Materials provided:
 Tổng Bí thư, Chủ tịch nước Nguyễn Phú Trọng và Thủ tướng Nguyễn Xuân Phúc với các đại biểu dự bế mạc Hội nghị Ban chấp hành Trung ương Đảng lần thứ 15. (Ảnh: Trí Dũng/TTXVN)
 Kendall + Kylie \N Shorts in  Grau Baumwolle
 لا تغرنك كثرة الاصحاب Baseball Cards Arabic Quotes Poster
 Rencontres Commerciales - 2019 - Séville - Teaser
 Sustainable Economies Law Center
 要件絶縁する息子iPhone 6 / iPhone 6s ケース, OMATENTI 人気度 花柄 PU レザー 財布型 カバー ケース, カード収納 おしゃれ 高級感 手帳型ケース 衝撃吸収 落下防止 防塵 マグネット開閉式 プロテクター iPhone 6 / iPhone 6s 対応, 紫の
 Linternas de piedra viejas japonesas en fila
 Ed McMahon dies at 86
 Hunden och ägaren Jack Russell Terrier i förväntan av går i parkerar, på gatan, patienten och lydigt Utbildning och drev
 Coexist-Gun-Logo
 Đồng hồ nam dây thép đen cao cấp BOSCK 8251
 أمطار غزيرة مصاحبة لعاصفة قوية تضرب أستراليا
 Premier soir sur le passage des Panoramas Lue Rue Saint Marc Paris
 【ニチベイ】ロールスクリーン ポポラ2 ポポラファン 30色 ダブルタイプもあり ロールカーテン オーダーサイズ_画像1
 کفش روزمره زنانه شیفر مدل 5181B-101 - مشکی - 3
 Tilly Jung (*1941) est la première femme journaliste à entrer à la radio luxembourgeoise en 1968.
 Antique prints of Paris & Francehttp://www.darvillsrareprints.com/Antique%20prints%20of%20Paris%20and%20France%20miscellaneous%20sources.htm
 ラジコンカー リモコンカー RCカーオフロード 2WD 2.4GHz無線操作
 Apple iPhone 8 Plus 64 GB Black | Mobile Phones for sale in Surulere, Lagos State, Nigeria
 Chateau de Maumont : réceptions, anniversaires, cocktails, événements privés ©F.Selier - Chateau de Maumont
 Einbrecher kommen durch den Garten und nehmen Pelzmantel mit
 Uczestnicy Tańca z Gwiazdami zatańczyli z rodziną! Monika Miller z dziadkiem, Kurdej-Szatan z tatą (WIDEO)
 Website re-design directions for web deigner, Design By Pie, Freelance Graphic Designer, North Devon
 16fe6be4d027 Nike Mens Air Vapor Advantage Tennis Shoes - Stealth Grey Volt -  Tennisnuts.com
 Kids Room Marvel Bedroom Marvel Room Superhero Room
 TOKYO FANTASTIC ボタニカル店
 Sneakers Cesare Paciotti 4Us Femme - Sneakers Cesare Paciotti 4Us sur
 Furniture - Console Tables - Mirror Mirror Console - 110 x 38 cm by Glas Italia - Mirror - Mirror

Work request: Report each line above that includes the string "Paris".

Solution to this exercise:
 Premier soir sur le passage des Panoramas Lue Rue Saint Marc Paris
 Antique prints of Paris & Francehttp://www.darvillsrareprints.com/Antique%20prints%20of%20Paris%20and%20France%20miscellaneous%20sources.htm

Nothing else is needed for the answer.